Data extract: Begin
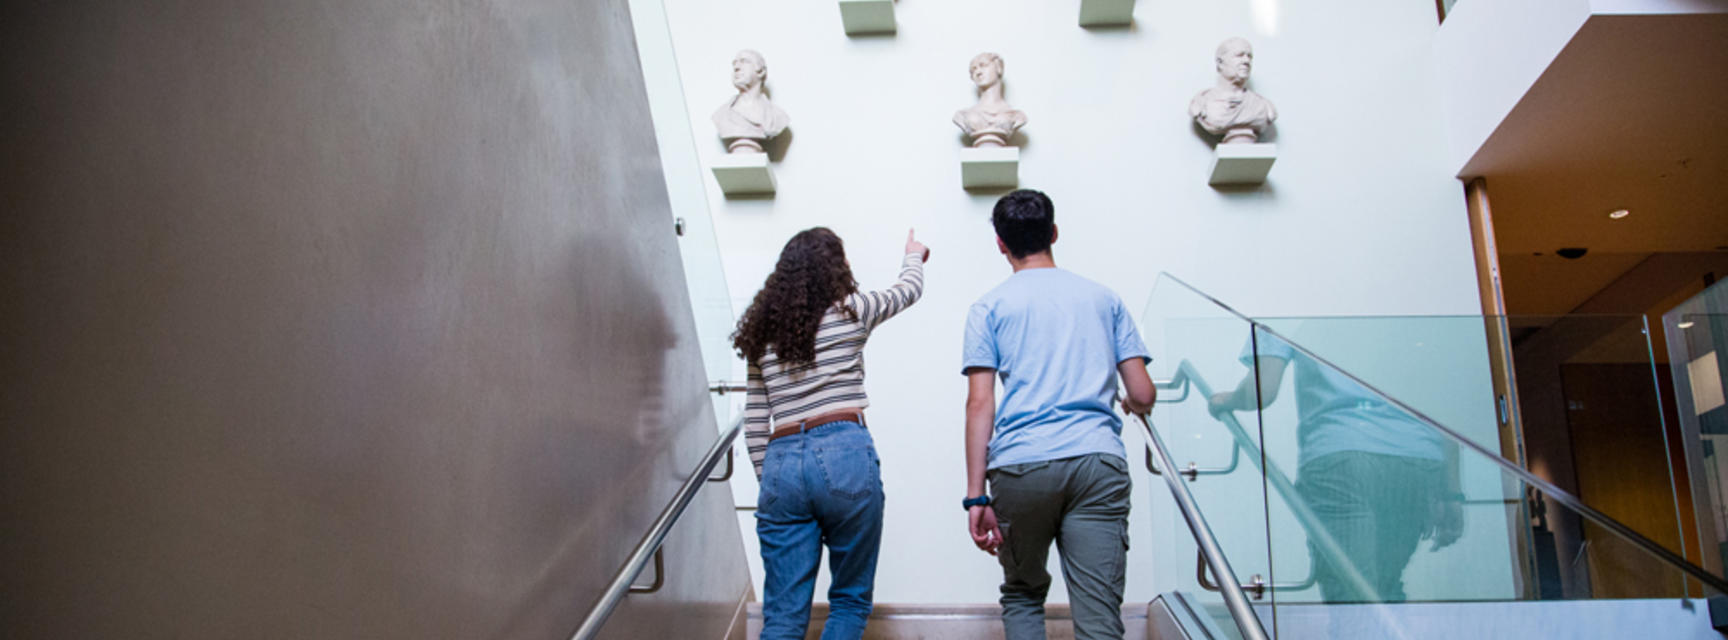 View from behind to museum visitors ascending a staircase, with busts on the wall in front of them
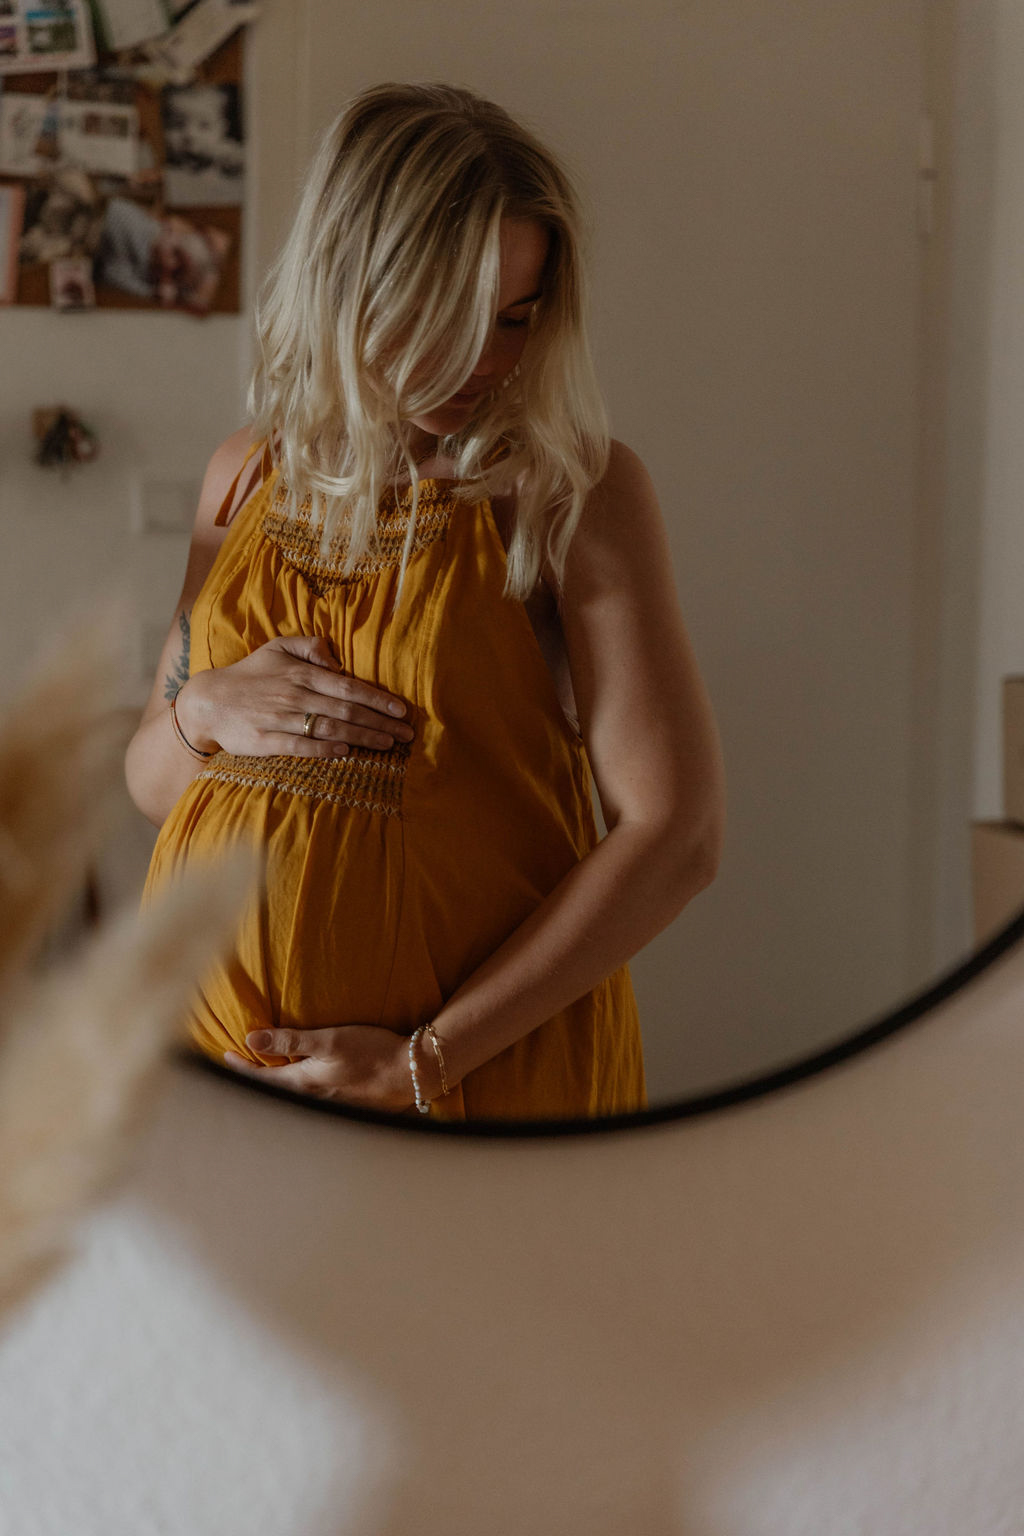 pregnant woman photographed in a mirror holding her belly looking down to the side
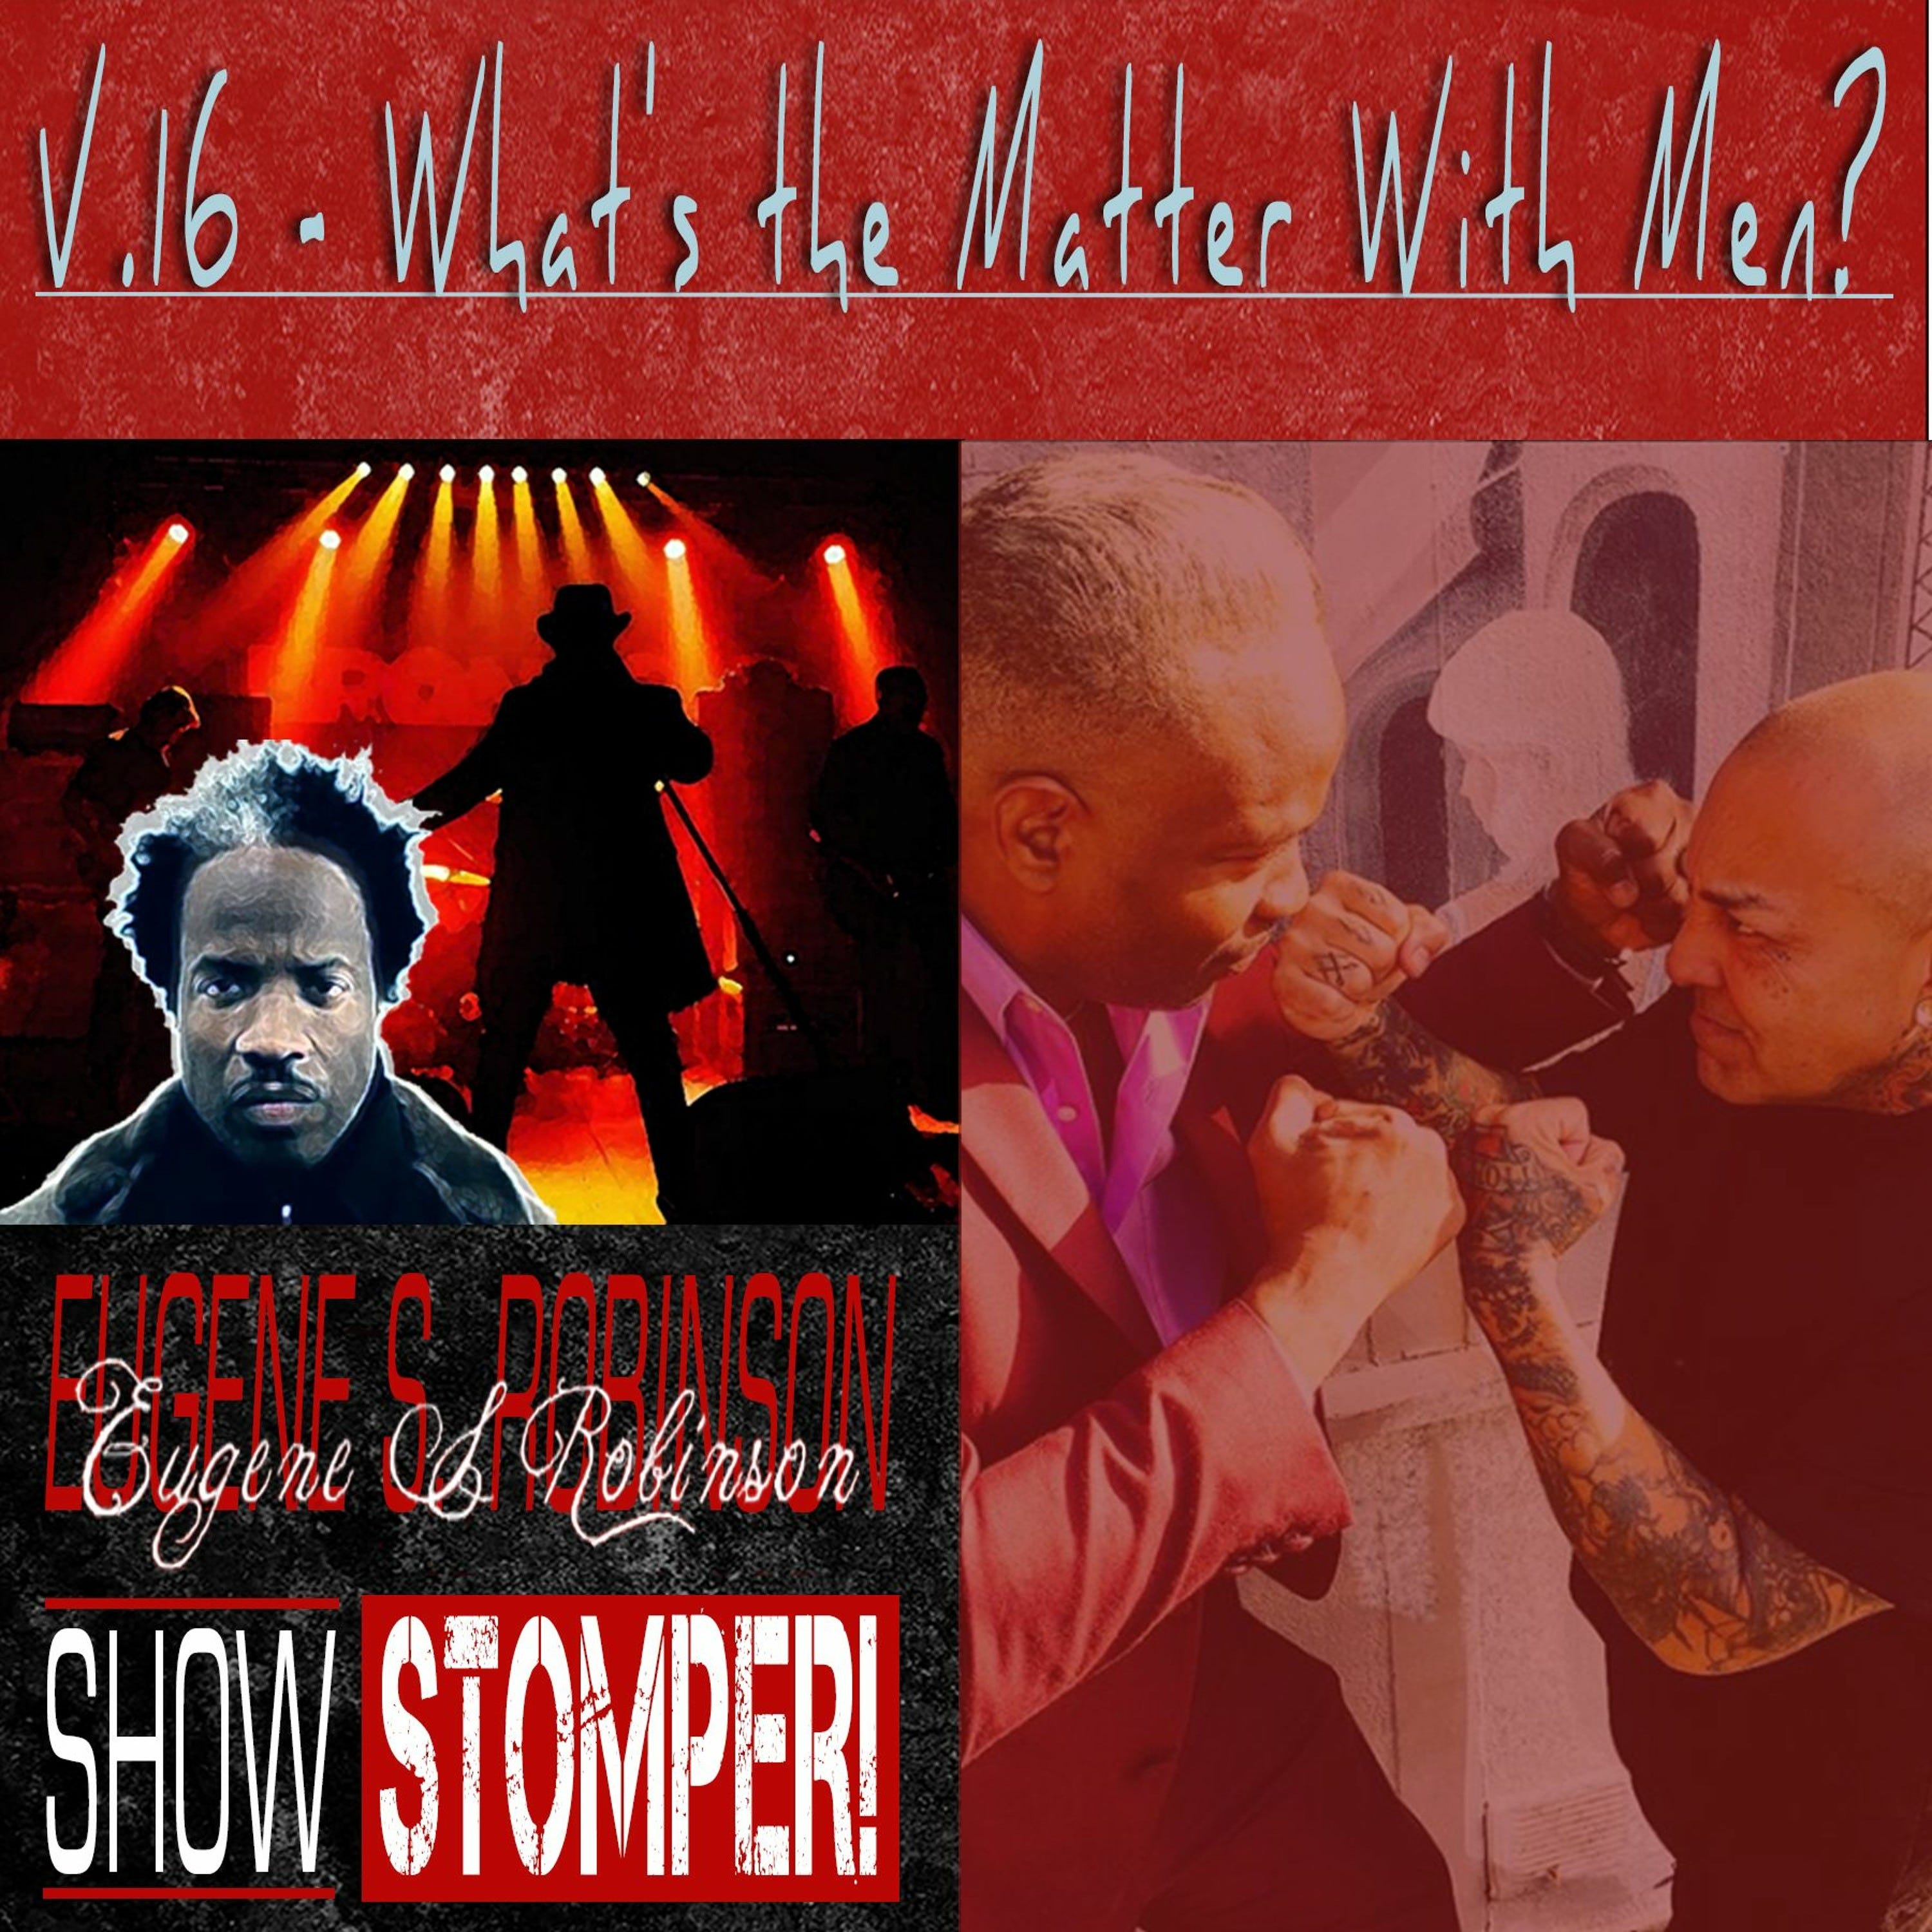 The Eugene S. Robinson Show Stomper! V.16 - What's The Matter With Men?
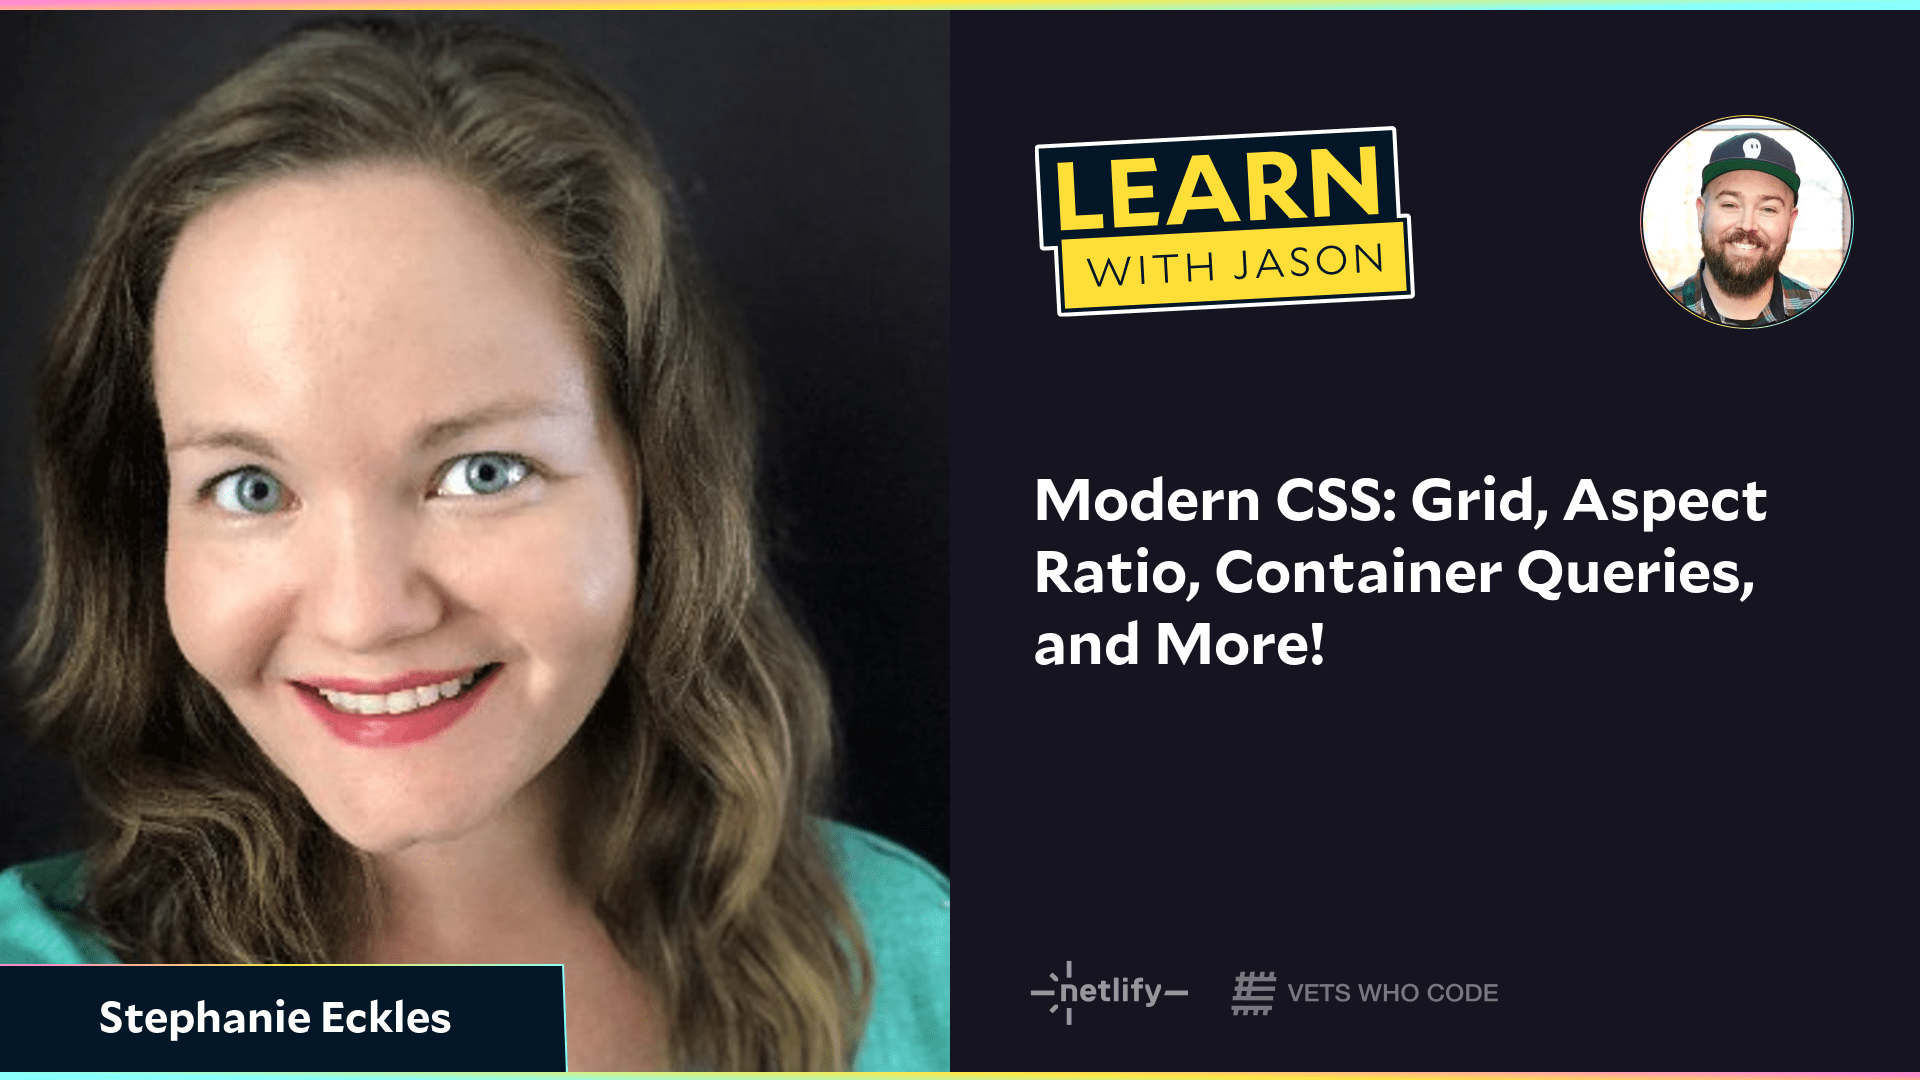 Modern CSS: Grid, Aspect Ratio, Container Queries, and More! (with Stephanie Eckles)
Data extract: End
Work to complete => Give the data again exactly as it stands, apart from the pictures.

Response to this exercise =>
 View from behind to museum visitors ascending a staircase, with busts on the wall in front of them
 pregnant woman photographed in a mirror holding her belly looking down to the side
 The Eugene S. Robinson Show Stomper! V.16 - What's The Matter With Men?
 Modern CSS: Grid, Aspect Ratio, Container Queries, and More! (with Stephanie Eckles)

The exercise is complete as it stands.